Nos points d’attention
Dans les semaines et les mois à venir, France Assos Santé restera, en lien avec l’Apesac, très attentive aux suites que la Ministre entend donner à cette affaire. Rappelons qu’Emmanuel Macron et Serge Weinberg entretiennent depuis plusieurs années des liens étroits. Il serait inacceptable que ces liens interfèrent dans les décisions futures que prendront les pouvoirs publics au sujet de l’indemnisation des victimes.
Plus globalement, le regroupement d’associations que nous représentons appelle à une réforme en profondeur des mécanismes d’indemnisation des victimes d’accidents liés aux médicaments et aux dispositifs médicaux. La directive européenne de 1985 relative aux produits défectueux n’est pas adaptée et doit être révisée.
France Assos Santé demande la création d’un fonds d’indemnisation alimenté de façon pérenne via une taxe imposée aux industriels. Ce fonds couvrirait les victimes quels que soit le niveau et les circonstances du dommage subi (accident lié à une faute du laboratoire, des autorités sanitaires ou des médecins prescripteurs, aléa thérapeutique ou encore effets indésirables graves quand bien même ils sont annoncés dans la notice).

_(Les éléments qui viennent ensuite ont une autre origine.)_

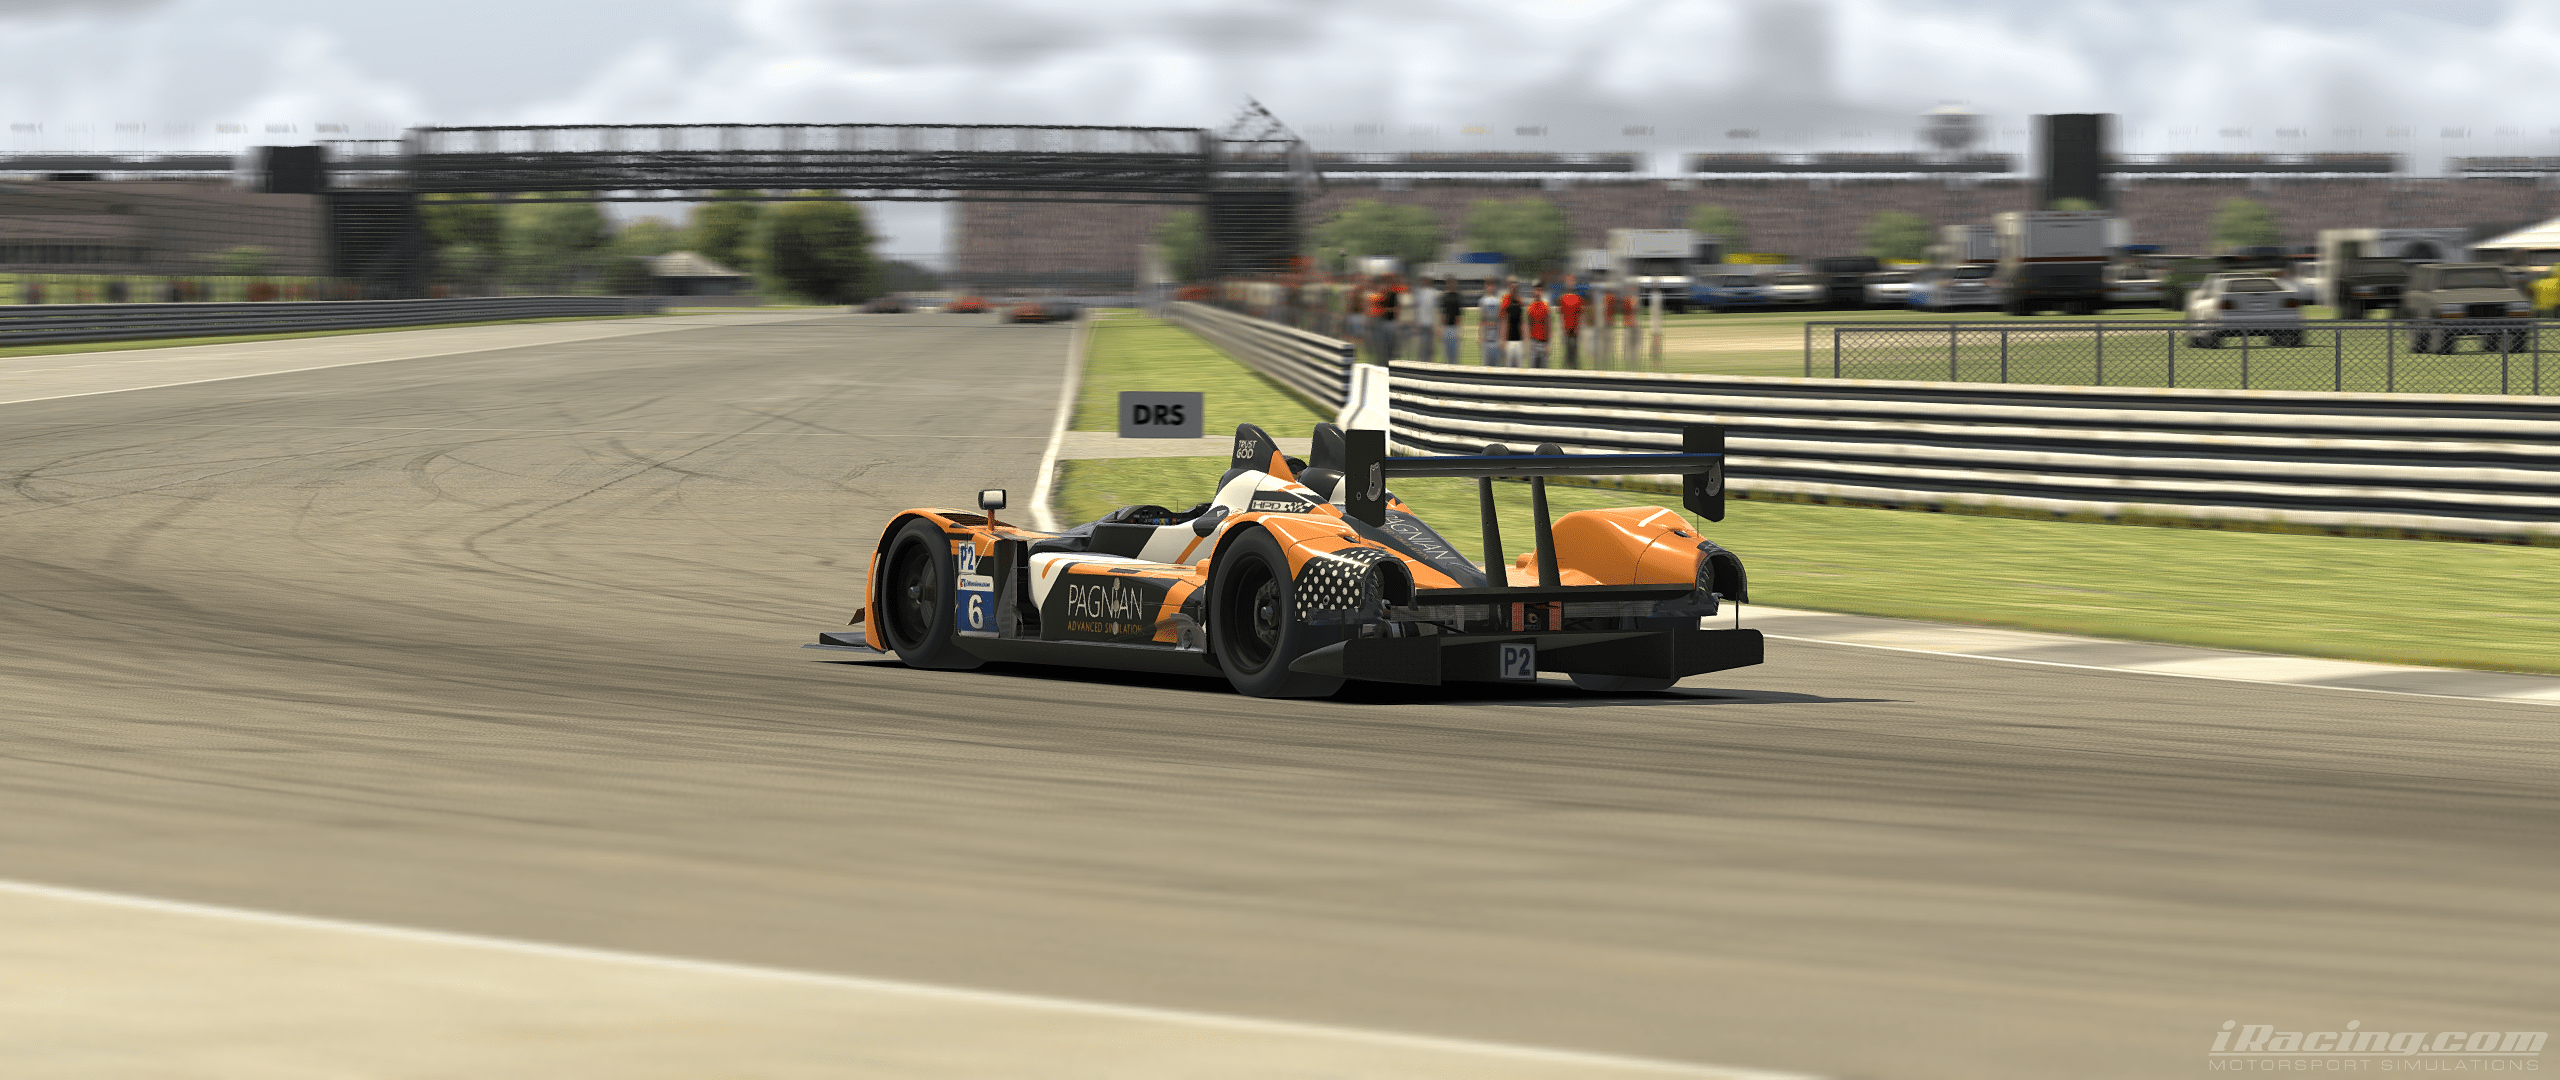 Winners on Debut! The Rev It Up Racing eSports Team Victorious at Indy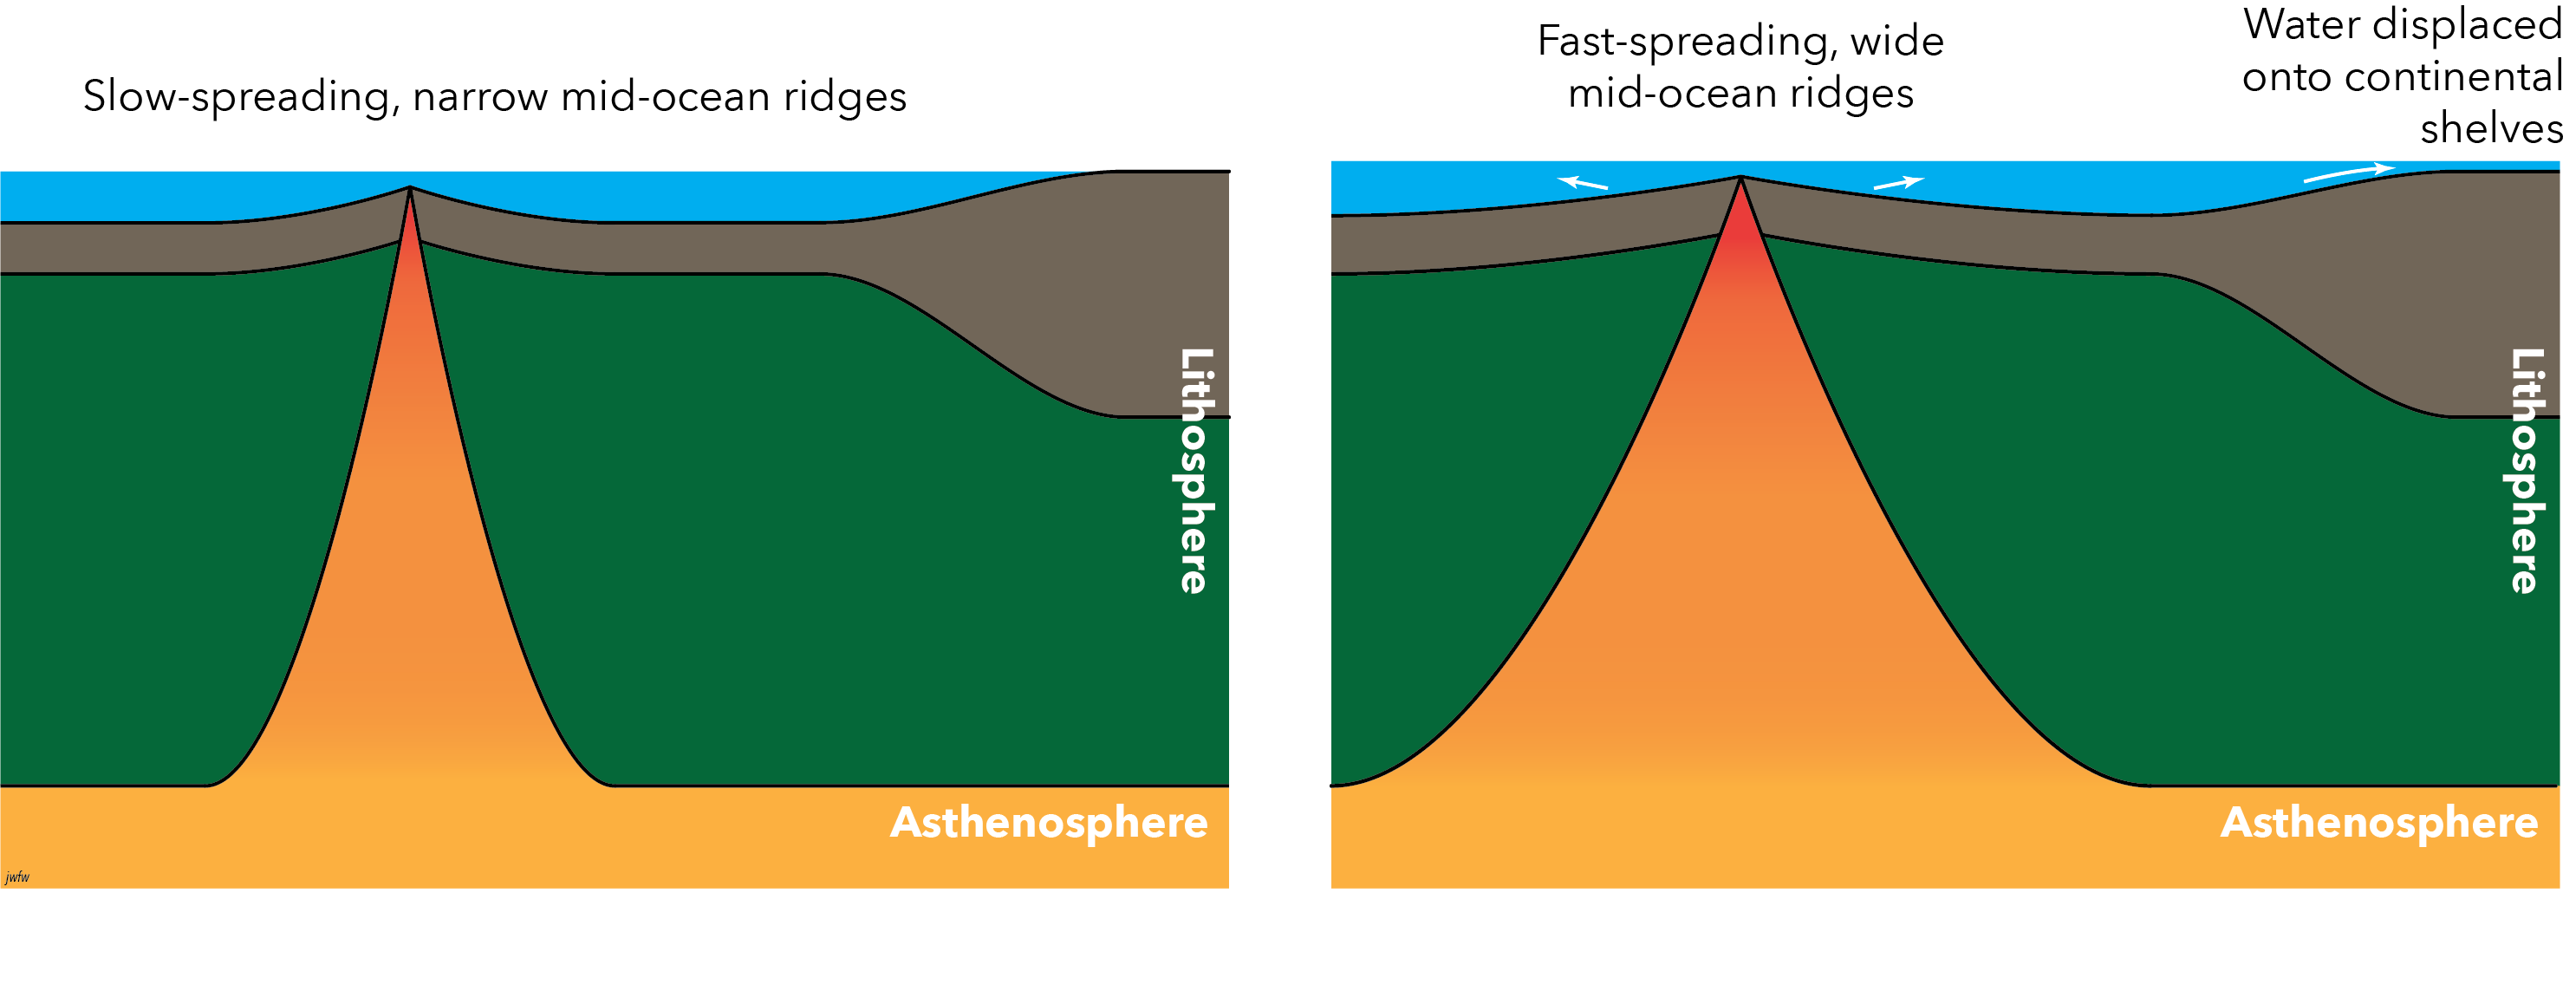 Cross-sections of slow- and fast-spreading mid-ocean ridges

« La mutualisation d’un risque collectif, écrivions-nous déjà en 2016, grâce à une taxe minime sur le prix de vente des médicaments, présenterait un double avantage : garantir aux victimes une indemnisation rapide, mais aussi inciter les entreprises du médicament à promouvoir une politique efficace de transparence, de prévention, d’information, de responsabilisation vis-à-vis des produits qu’elles fabriquent et commercialisent ».